▸ WORK TASK: With the images removed, transcribe the listing that follows exactly.

▸ GIVEN DATA:
══════

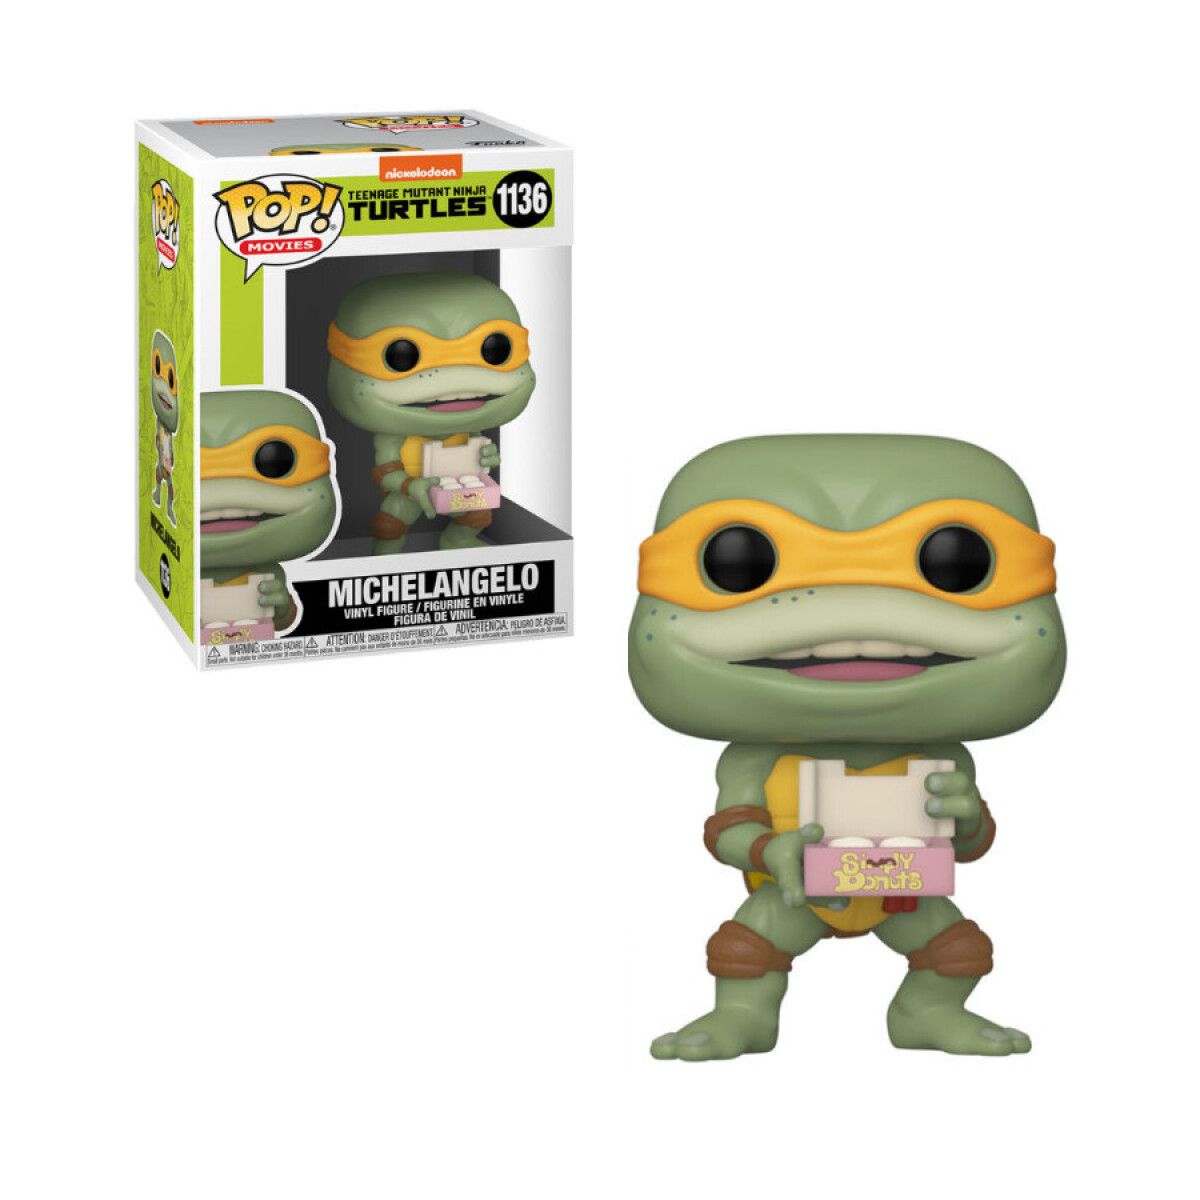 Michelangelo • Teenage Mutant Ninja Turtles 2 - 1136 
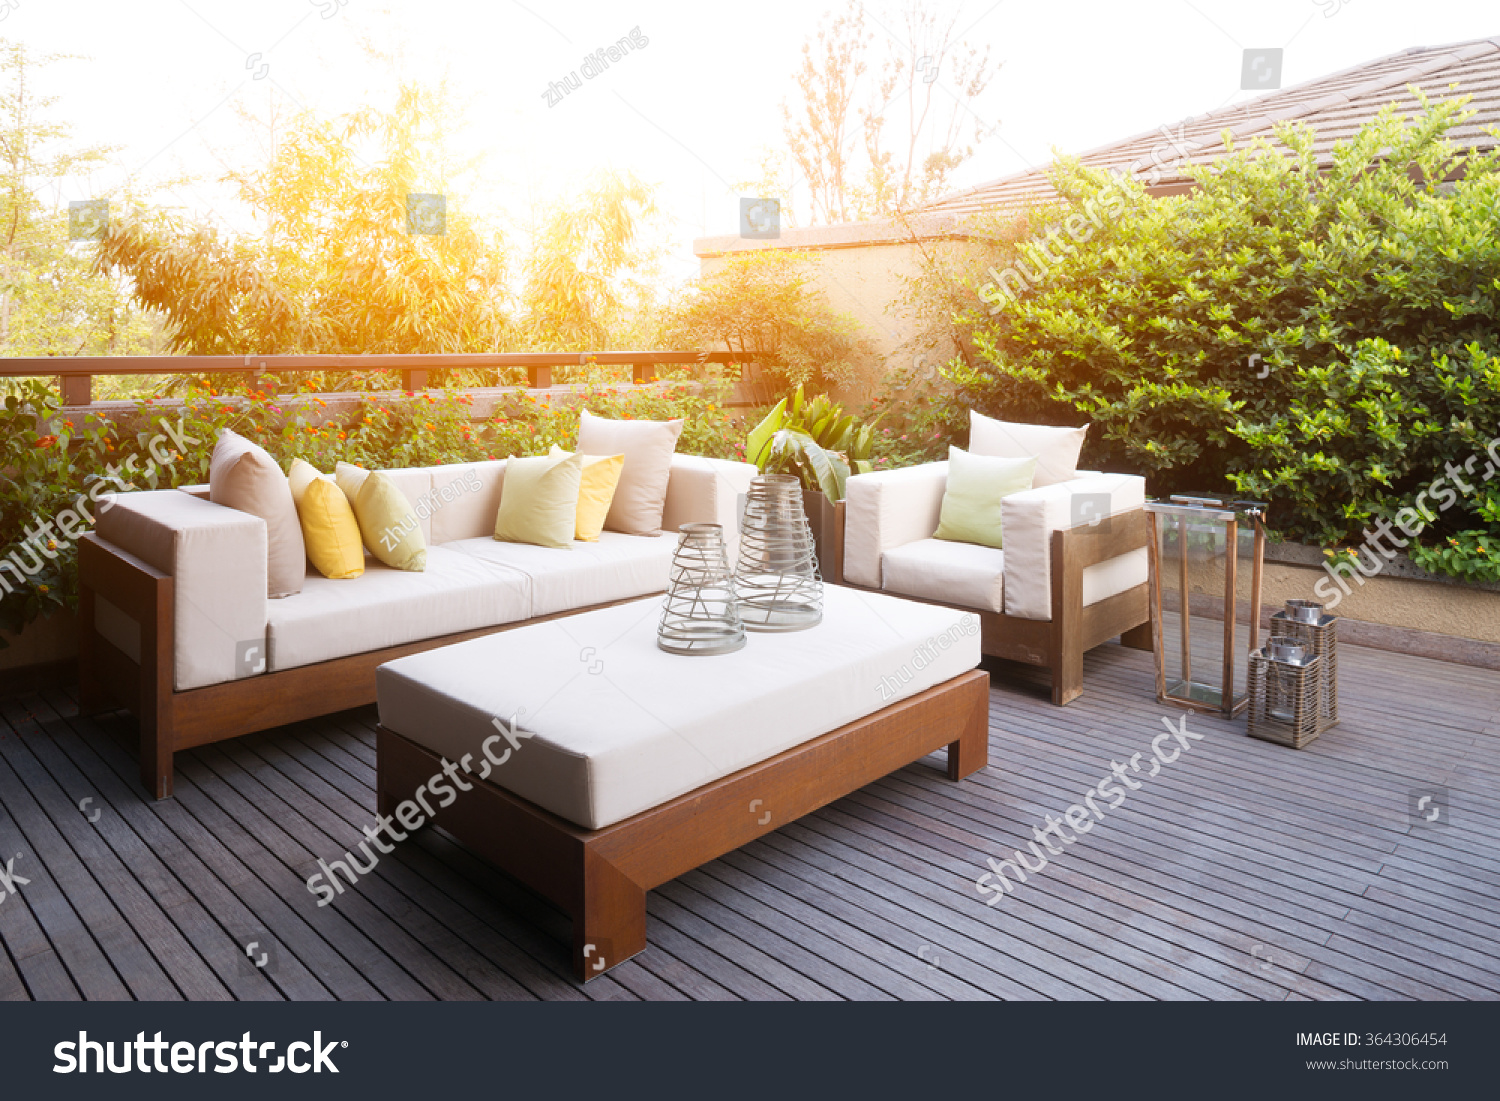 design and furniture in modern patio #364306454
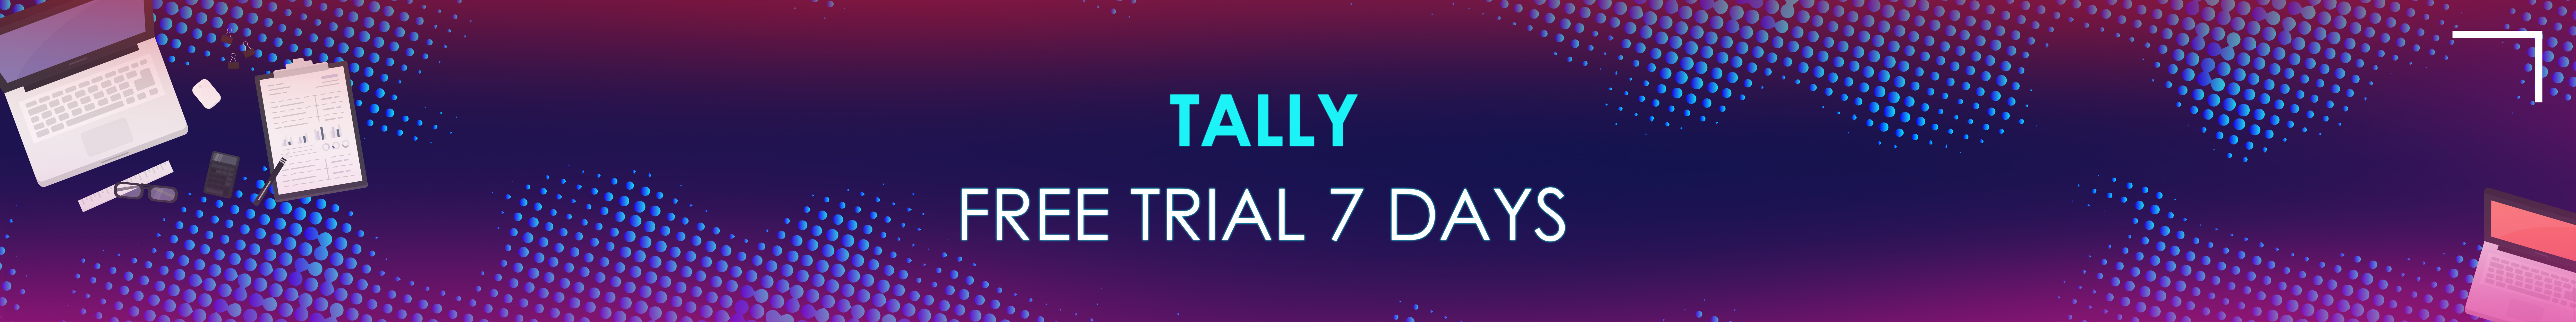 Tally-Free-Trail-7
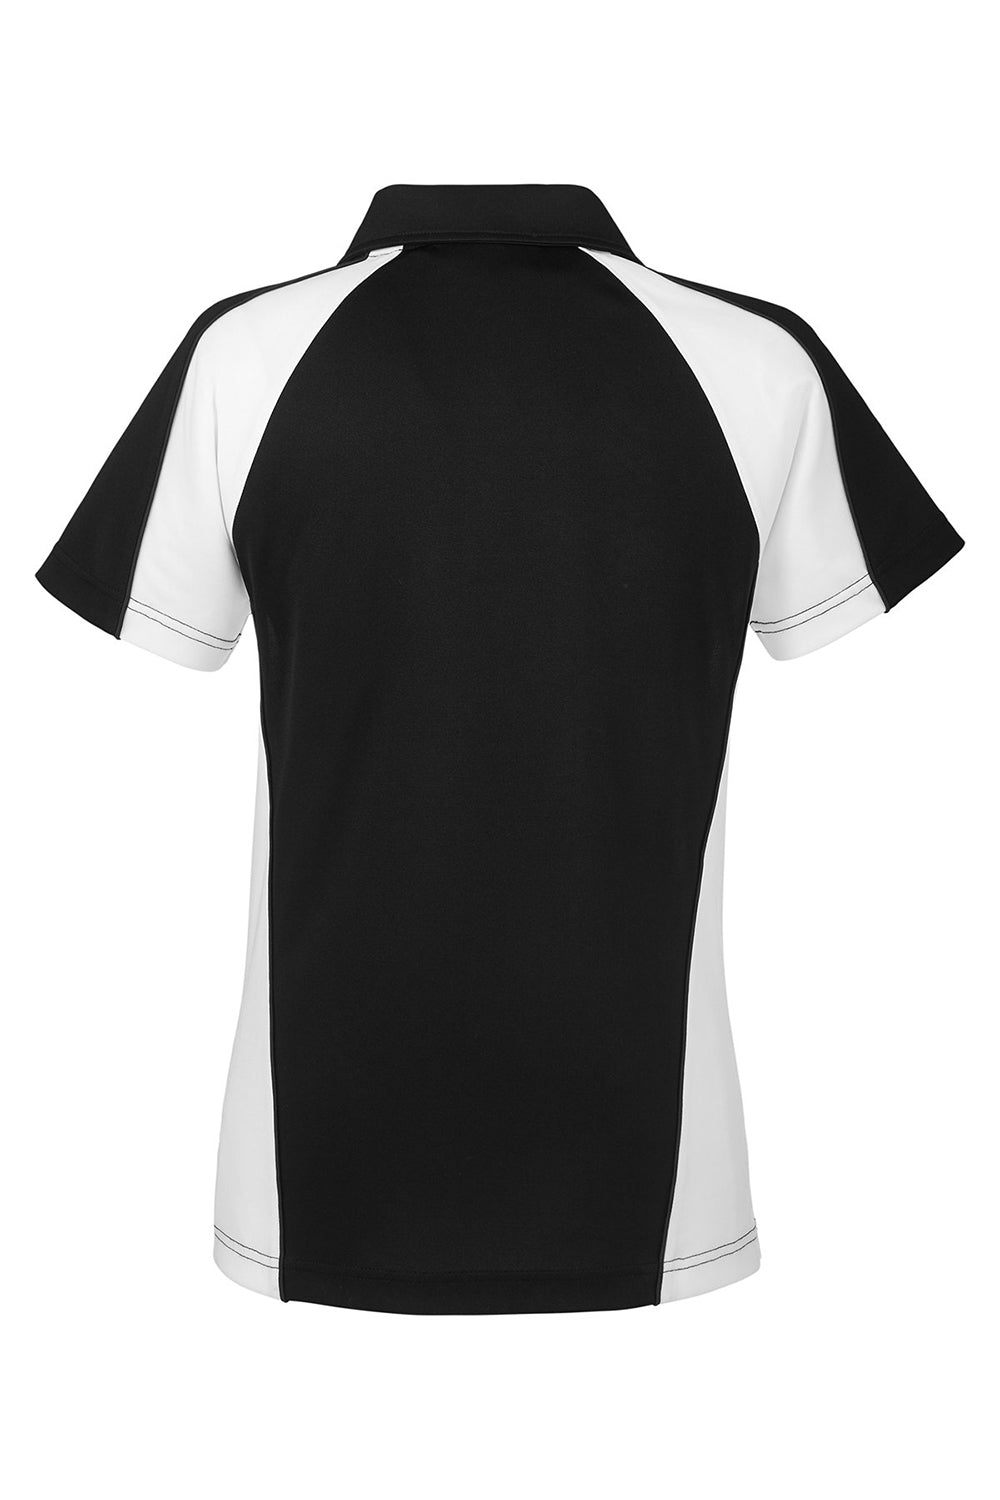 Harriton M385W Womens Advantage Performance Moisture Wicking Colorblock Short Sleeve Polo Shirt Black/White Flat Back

══════

▸ RESPONSE:
 Michelangelo • Teenage Mutant Ninja Turtles 2 - 1136 
 design and furniture in modern patio #364306454
 Tally-Free-Trail-7
 Harriton M385W Womens Advantage Performance Moisture Wicking Colorblock Short Sleeve Polo Shirt Black/White Flat Back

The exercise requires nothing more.